When going to a new environment, it would be nice if someone had already thought out the networking and authentication needs. It would be nice if we had a sane DNS solution and a good LDAP server. Regrettably, Life in operations is not always that nice. We are frequently asked to quickly set up a test environment to test/sandbox/proof-of-concept something. When the test environment inevitably becomes the production environment, we need the following common Ansible roles:

Fake DNS

It is common for us to fake real DNS by filling in /etc/hosts files. Take care that the FQDN you want is the first one in the list. We have two goals with this role:

  1. Get IP addresses from the Ansible inventory
    Example inventory:
    
    [jenkins]
     192.168.1.2 hostname="jenkins-master1"
     
     [sonar]
     192.168.1.3 hostname="sonar1"
     
     [nexus]
     192.168.1.4 hostname="nexus1"
     
     [subdomain:children]
     jenkins
     sonar
     nexus
     
     [subdomain:vars]
     domain="devops.local"
  2. Allow for aliases (fake CNAMEs) in group variables
    Example Group Variable:

    etc_hosts_alias:
      192.168.1.2: [ jenkins ]
      192.168.1.3: [ sonar ]
      192.168.1.4: [ nexus ]

Pulling in IP addresses from the inventory allows us to abide by the DRY principle.

For a couple of reasons, the real work gets done in the custom Jinja2 filters. At first, I was tempted to push some of these dictionary merges to the template, but fighting that read-only scoping is a losing battle and just makes the template unnecessarily complicated. Once we are willing to offload the hard work to python, our tasks are easier to read because they have more descriptive function calls (the filter names), and the template looks more like a template because we can focus on layout and not variable manipulation.

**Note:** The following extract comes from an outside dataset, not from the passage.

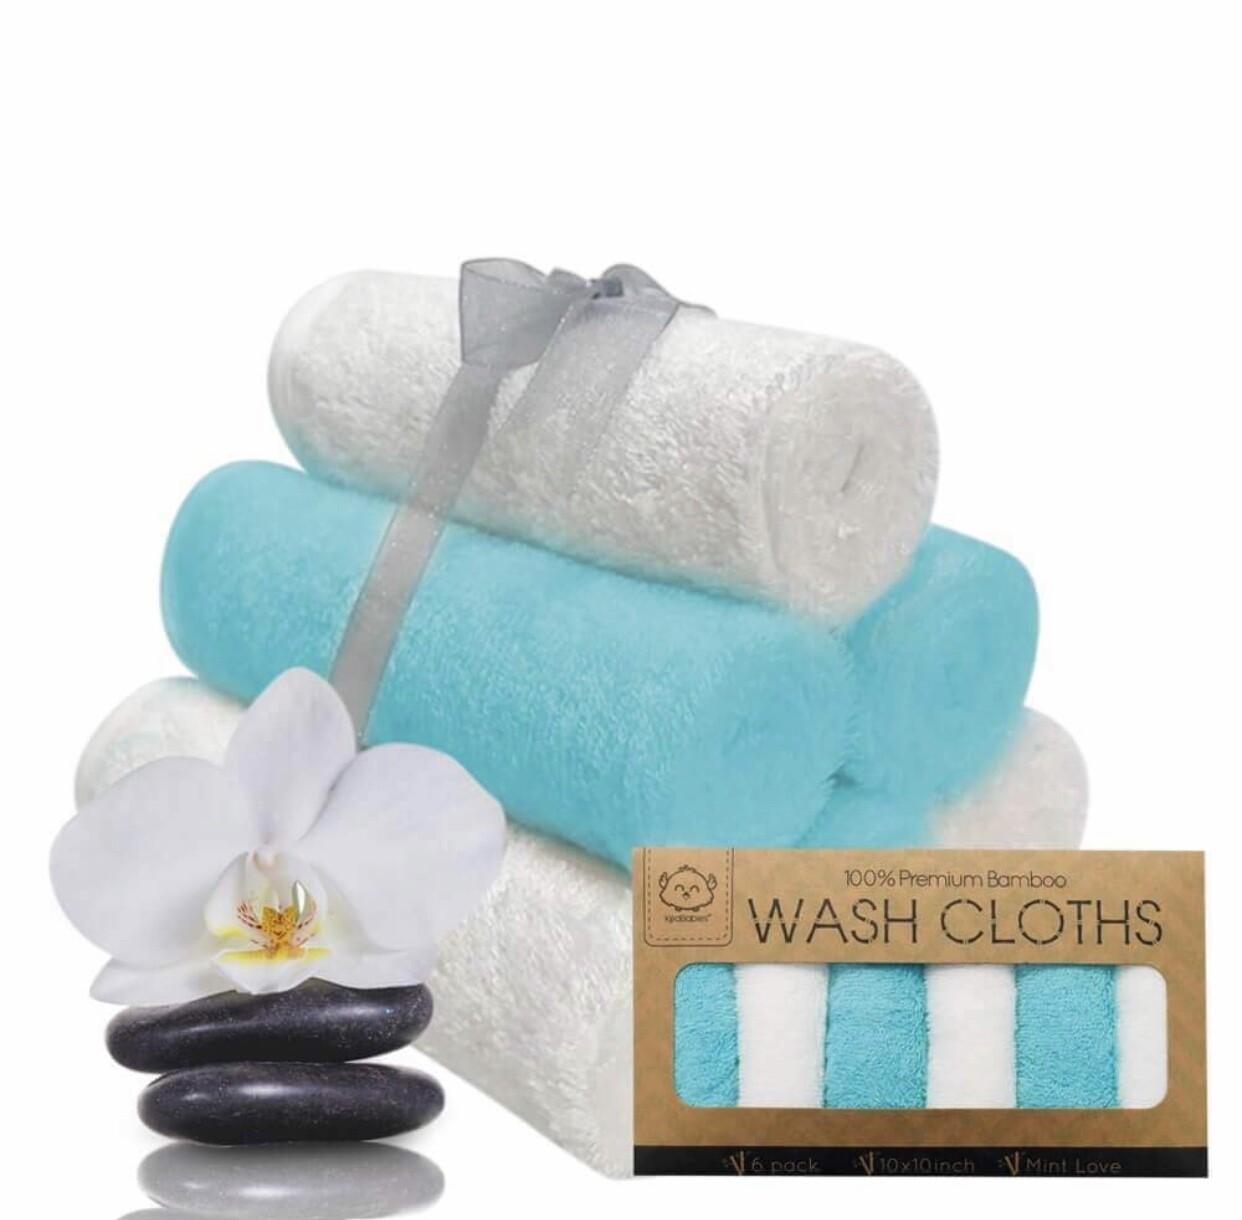 Wash Cloths Mint Love, Organic Bamboo

The expected result from the template (/etc/hosts):

 192.168.1.2 jenkins-master1.devops-local jenkins-master1 jenkins-master
 192.168.1.3 sonar1.devops-local sonar1 sonar
 192.168.1.4 nexus1.devops-local nexus1 nexus

Users with SSH key authentication

While it is better to have centralized authentication in the new environment, setting up an LDAP server may take a while (especially if another team is responsible). So during those intervening months, security will probably let you get away with pushing out ssh keys instead. For this role, I had three goals:

  1. Create a user who can be authenticated with ssh keys
  2. Modify “password” expiration because PAM will prevent login when the password (that the user doesn’t have… HAH!) “expires”.
  3. Give admin privileges (sudo) with group membership

I’d like to be able to list my users as ansible facts like so:

users:
   jmalachowski:
 key: ssh-rsa AAAAB3Nza…== jmalacho@example.com
 groups: [ 'wheel' ]
 users_blacklist: [ 'centos ']

The only challenge for this is setting relative expiration because the only program I know that does it, “chage,” required the argument in “days since the linux Epoc.” I was able to find some python that could calculate this value, so into a filter it goes!

Standard Security Update

Security updating is always one of my favorite examples since package updating and configuration file templating are usually all we need. However, when certain OS packages are updated, we also need to reboot. Rebooting is something that ansible is better suited for than its competitors which run inside the machine. For the final feature in this role, we are going to wait for the machine to come back from reboot. At that point, we can begin validating / health checking the environment.